Court Opinion

ID: 6764619
Source: CourtListenerOpinion
Date Created: 2022-07-21 00:35:20.157398+00
Date Added: 2024-06-11T16:02:40.344606
License: Public Domain

Per Curiam.

Plaintiffs and defendants and counterclaimants Henry and Drake raise the issue of the constitutionality of Senate District 32. It is agreed that the district does not meet the population requirements of Section 4 of Article XI, Ohio Constitution, as its population is only 308,942 persons, 93.99 percent of a senate ratio of representation (328,700 persons). Section 4 prohibits creation of a district containing less than 95 per cent of a ratio.
Plaintiffs, defendants in the counterclaims, contend, however, that leaving Senate District 32 underpopulated was unavoidable because irreconcilable conflicts with Sections 9 and 11 of Article XI, Ohio Constitution, prevented adding population from adjacent territory. Section 9 provides that where the population of a county is at least 90 percent of a house ratio of representation, “reasonable effort shall be made to create a house of representatives district consisting of the whole county.” Section 11 provides in part that “[cjounties having less than one senate ratio of representation, but at least one house of representatives ratio of representation shall be part of only one senate district.”
We hold that Sections 4, 9, and 11 of Article XI are coequal.

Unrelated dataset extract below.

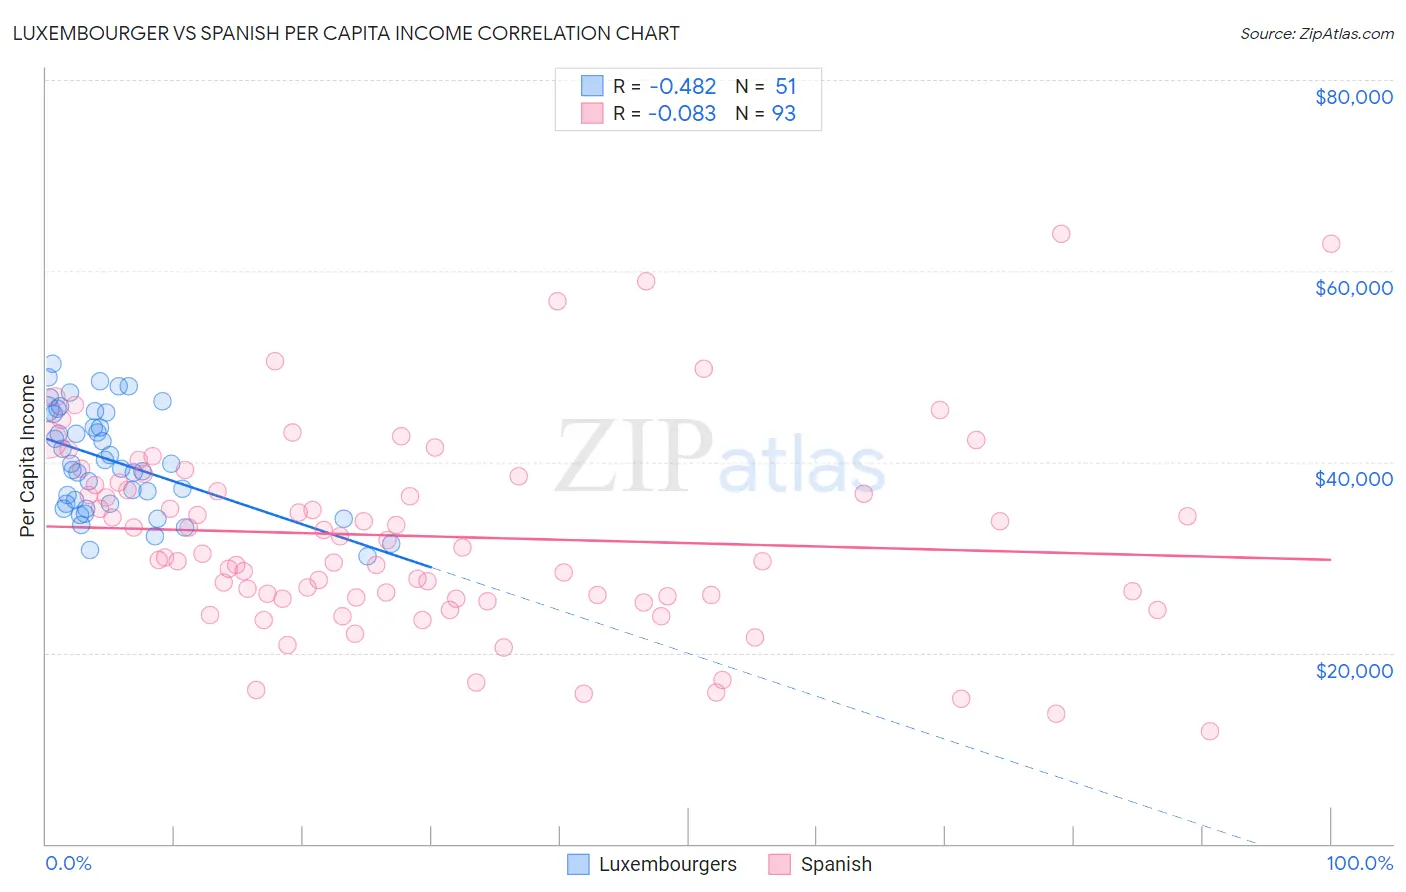 Luxembourger vs Spanish Per Capita Income

When such provisions are irreconcilable, those public officials designated to apportion the state by Section 1 of Article XI have the duty to choose the proper course, and this court will not order them to correct one constitutional violation by committing another.
The court finds against the counterclaimants on their claim that the plan is unconstitutional and, accordingly, we find the plan to be constitutional.

Judgment accordingly.

Moyer, C.J., Holmes, Douglas and Milligan, JJ., concur.
Sweeney, H. Brown and Resnick, JJ., dissent.
John R. Milligan, Jr., J., of the Fifth Appellate District, sitting for Wright, J.